Değerli Deneyimler
Suriyeli Zeynep OSMANOĞLU’nun, ilham verici bir dayanıklılık ve topluma entegre olma hikayesi
Zeynep Osmanoğlu, sadece kendi ülkesindeki çatışmanın yükleriyle değil, aynı zamanda yaşam mücadelesiyle de karşı karşıya kalmış bir kadın. Onun hikayesi, savaşın getirdiği acıların ötesinde, bireysel bir direnişin ve umudun izini sürüyor. Bu söyleşi, Zeynep'in hayatında yaşadığı zorlukları ve içsel gücünü keşfetme sürecini ele alacak değerli deneyimlerinden ilham alarak, onun yaşam perspektifinden derinlemesine bir bakış sunmaya hazırlanıyoruz.
Sizi tanımak istiyoruz. Kendinizden bahseder misiniz?
Suriye'nin Halep kentinde 1984 yılında doğdum. Halep Üniversitesi Makine Mühendisliği bölümünden 2010 yılında mezun oldum. Türkiye’ye gelmeden önce Halep’te beş yıl Makine Mühendisi olarak çalıştım. Eşim ile orada tanıştık ve evlendik. İlk çocuğumu Suriye’de dünyaya getirdim. Ancak savaşın etkileri nedeniyle eşimle birlikte ülkemizden ayrılma kararı alıp Türkiye’ye sığındık.
Zeynep Hanım neden Türkiye'yi tercih ettiniz ve İstanbul'a nasıl yerleştiniz?

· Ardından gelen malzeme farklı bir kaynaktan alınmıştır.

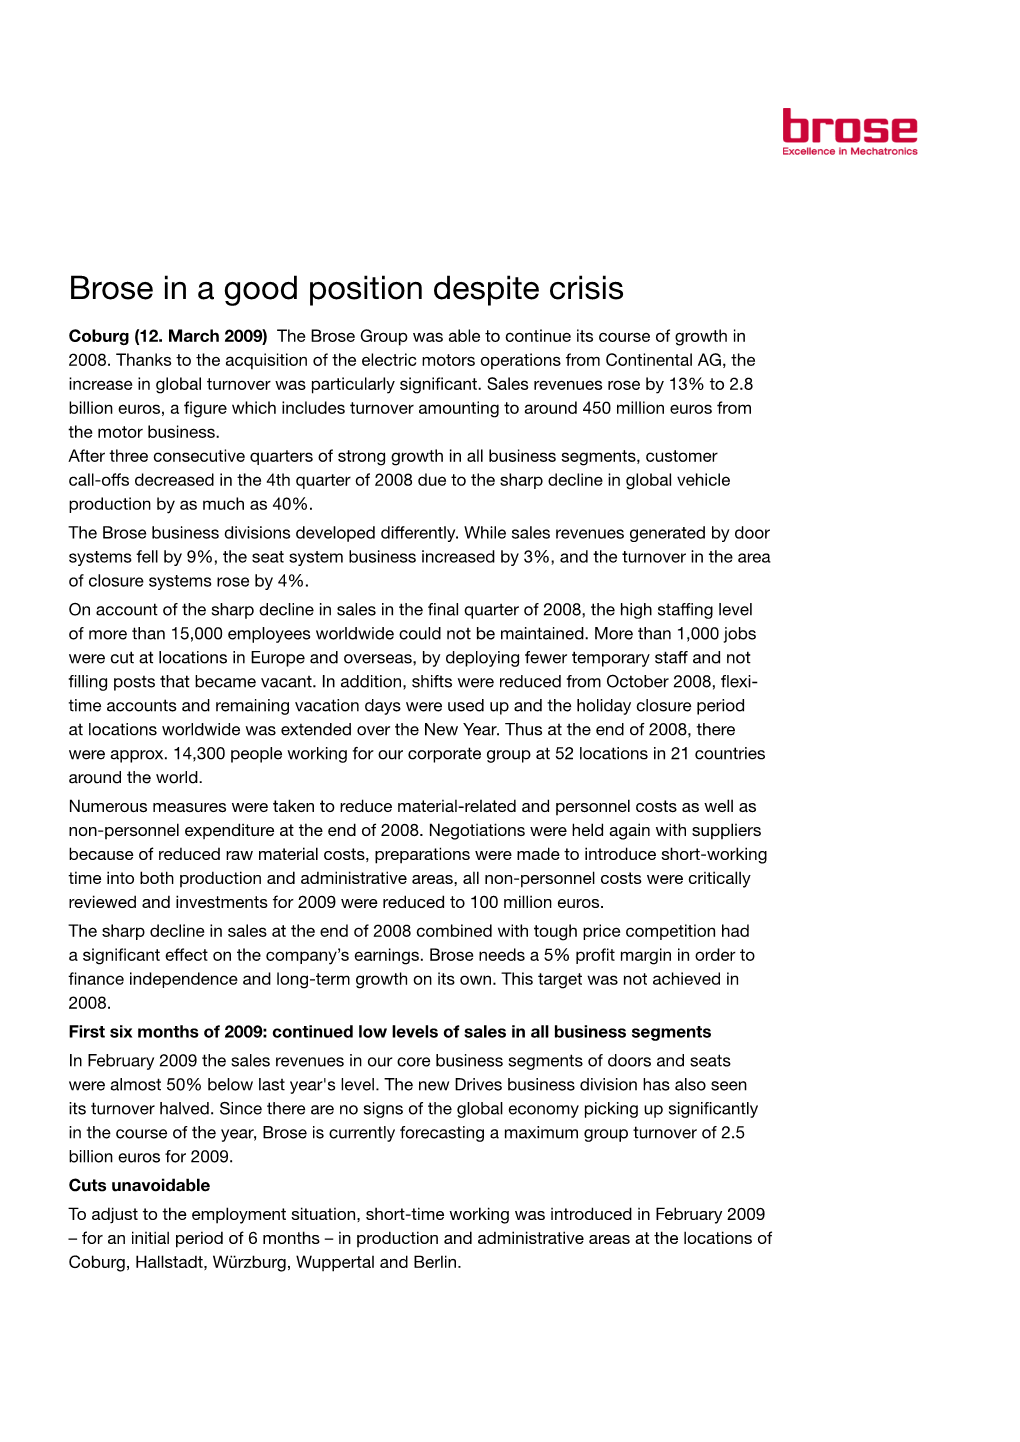 Brose in a Good Position Despite Crisis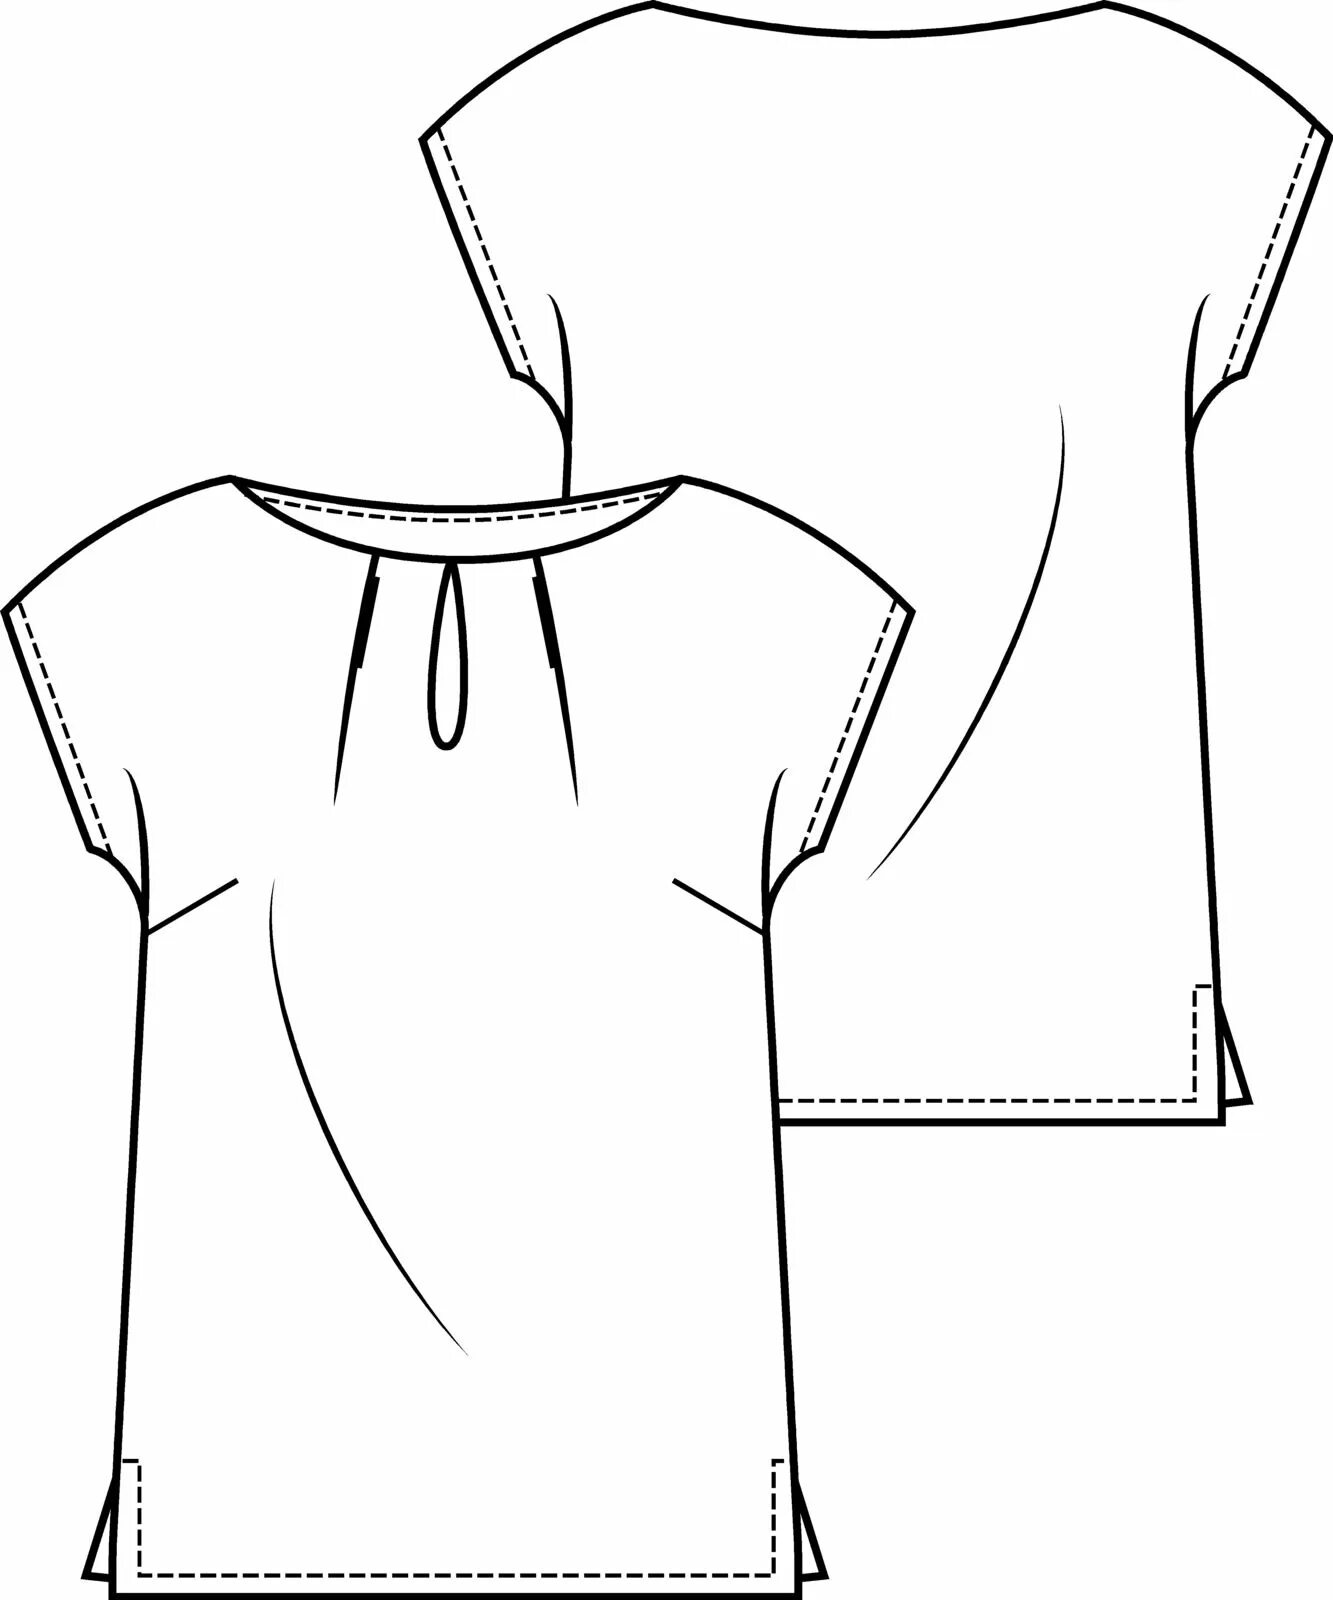 Блузка-футболка с цельнокроеным рукавом. Эскиз туники. Лекало блузки с цельнокроеным рукавом. Туника с цельнокроеным рукавом. Силуэт блузок

Türk insanının sıcaklığını bildiğimiz için ve kültürel açıdan bize yakın olduğu için buraya geldik. İlk olarak Gaziantep'e yerleştik, ardından İstanbul'a taşındık ve Bağcılar ilçesinde ikamet etmeye başladık.
İstanbul'da yaşamaya başladıktan sonra, Türkçe öğrenme süreciniz ve gönüllü olarak tercümanlık yapmaya nasıl karar verdiniz?
Bağcılar'da yaşarken, Türk komşularımın yardımıyla Türkçe okuma ve yazmayı öğrendim. Daha sonra çeşitli kurumlarda gönüllü olarak tercümanlık yapmaya karar verdim. Bağcılar Kadın Meclisi üyeleriyle çeşitli etkinliklerde tanıştık. Aramızda güçlü bir bağ kurulduktan sonra, beni meclise üye olarak kabul ettiler. Bu mecliste yer alarak birçok projede çalıştım ve ihtiyaç sahibi ailelere destek oldum. Bağcılar Belediyesi'nin düzenlediği etkinliklerde WALD Akademisi ekibiyle tanıştım. 2018'de Bağcılar Sosyal Koruma Masası'nda tercüman ve sosyal çalışmacı olarak göreve başlama fırsatını elde ettim. Mültecilere yardım etme ve sosyal hizmetlerde bulunma isteğim, iş hayatına adım atmamda belirleyici oldu.
Zeynep Hanım, ilk çocuğunuz 3 aylıkken Türkiye'ye gelmenin ve İstanbul'da yeni bir hayat kurmanın çocuklarınız üzerindeki etkileri neler oldu? Çocuklarınızın adaptasyon süreci ve İstanbul’da yaşadıklarınızı bizimle paylaşabilir misiniz?
İlk çocuğum daha 3 aylıkken gelmemizin ve ikinci çocuğumu Türkiye'de doğurmamın, Türk kültürüne daha derinlemesine entegre olmamızı sağladığını söyleyebilirim. Çocuklarım, Türkçe dilini daha erken yaşta öğrenme fırsatı buldu ve çevrelerine daha hızlı uyum sağladılar. Türkiye'de doğan çocuğumun büyüme sürecindeki deneyimi, onun Türk kültürüne daha organik bir bağ kurmasına katkıda bulundu.
Zeynep Hanım’ı diğer mülteci kadınlarla bir araya getirerek hayati hizmetler sunmasını sağlayan ve aynı zamanda kendisini dayanıklılık ve toplum liderliğinin canlı bir örneği olarak karşımıza çıkarıyor. Osmanoğlu'nun yolculuğu, artık bir parçası oldukları ülkelerin dokusuna katkıda bulunmayı kendilerine ilke edinmiş bireylerin gücü ve kararlılığının bir kanıtı olarak ilham vereceği muhataplarını arıyor. O ise tüm bu yolculuğun içerisinde, mülteci olmayı kendi cümleleriyle şöyle ifade ediyor: “Sıfırdan başlayıp, hayatta ikinci kez başarılı olanların hikayesi.